▶ Action item: Within the entries below, the lines from the one with "Data Analysis &" through the one with "Oshotto Spyro Silver" are to be set down exactly, both ends kept.

▶ Records excerpted from a collection:
►

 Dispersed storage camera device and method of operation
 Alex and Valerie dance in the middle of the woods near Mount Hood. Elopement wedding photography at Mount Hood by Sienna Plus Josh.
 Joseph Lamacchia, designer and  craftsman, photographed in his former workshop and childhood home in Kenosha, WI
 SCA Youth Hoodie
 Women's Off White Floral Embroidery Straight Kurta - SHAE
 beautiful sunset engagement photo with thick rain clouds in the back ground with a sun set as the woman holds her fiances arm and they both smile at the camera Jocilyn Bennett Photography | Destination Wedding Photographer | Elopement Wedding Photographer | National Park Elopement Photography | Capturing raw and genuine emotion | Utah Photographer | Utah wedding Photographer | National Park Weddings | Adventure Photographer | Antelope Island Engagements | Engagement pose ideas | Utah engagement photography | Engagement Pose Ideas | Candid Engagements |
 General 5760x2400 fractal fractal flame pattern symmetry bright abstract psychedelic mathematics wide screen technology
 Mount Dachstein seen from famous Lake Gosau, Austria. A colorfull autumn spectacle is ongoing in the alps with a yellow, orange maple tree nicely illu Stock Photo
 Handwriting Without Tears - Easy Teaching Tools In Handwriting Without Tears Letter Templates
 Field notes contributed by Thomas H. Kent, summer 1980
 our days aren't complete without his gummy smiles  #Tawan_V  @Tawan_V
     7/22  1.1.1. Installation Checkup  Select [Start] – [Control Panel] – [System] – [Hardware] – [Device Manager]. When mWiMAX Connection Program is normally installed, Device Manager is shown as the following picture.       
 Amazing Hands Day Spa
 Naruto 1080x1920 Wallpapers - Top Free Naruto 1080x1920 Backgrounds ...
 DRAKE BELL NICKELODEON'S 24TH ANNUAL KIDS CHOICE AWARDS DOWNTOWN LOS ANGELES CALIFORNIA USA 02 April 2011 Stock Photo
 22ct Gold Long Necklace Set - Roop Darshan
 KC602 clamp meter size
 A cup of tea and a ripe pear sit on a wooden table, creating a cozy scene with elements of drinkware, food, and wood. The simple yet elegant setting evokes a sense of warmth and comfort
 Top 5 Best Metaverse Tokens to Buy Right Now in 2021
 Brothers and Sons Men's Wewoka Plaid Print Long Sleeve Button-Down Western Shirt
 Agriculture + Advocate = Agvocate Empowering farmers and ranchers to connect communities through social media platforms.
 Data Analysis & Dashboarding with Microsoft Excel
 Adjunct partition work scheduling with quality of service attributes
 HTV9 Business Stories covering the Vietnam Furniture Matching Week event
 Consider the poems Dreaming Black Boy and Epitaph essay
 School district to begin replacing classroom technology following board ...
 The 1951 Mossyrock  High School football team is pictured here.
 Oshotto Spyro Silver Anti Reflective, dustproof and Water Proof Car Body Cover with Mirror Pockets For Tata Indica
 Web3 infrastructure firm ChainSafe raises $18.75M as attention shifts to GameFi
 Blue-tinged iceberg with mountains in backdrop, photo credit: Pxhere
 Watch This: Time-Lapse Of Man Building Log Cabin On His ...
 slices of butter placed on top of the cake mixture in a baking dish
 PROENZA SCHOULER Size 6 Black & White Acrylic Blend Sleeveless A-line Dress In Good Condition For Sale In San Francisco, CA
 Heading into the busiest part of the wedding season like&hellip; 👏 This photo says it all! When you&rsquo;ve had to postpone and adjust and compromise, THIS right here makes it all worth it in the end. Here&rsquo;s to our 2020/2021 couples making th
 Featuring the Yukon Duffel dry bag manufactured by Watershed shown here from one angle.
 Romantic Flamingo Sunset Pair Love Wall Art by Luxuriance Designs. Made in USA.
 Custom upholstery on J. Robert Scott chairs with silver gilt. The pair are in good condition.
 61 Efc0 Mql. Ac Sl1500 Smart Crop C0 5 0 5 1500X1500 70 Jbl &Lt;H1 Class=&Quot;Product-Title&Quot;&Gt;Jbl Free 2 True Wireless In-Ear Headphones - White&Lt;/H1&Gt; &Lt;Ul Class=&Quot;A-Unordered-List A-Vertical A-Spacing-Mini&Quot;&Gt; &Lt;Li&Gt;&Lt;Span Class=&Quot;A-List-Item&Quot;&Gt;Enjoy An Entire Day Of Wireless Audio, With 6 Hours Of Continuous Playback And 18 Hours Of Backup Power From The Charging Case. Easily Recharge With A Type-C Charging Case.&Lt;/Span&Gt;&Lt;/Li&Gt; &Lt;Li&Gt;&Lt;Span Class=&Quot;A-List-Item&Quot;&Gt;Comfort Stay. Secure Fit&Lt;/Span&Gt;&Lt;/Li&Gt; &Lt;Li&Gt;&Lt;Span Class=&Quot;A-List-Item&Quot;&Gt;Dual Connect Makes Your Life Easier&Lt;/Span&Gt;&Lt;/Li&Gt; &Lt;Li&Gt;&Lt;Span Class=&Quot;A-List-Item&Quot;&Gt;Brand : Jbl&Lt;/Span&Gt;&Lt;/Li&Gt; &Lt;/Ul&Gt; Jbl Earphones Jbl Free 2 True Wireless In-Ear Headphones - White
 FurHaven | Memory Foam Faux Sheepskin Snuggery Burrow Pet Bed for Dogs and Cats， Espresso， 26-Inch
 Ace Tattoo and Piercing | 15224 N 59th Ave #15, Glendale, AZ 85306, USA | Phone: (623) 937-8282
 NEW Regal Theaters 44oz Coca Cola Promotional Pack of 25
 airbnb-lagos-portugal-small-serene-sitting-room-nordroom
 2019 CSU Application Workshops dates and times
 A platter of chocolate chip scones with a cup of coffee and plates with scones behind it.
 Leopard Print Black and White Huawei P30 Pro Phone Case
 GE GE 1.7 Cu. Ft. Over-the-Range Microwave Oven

◄

▶ Worked solution:
 Data Analysis & Dashboarding with Microsoft Excel
 Adjunct partition work scheduling with quality of service attributes
 HTV9 Business Stories covering the Vietnam Furniture Matching Week event
 Consider the poems Dreaming Black Boy and Epitaph essay
 School district to begin replacing classroom technology following board ...
 The 1951 Mossyrock  High School football team is pictured here.
 Oshotto Spyro Silver Anti Reflective, dustproof and Water Proof Car Body Cover with Mirror Pockets For Tata Indica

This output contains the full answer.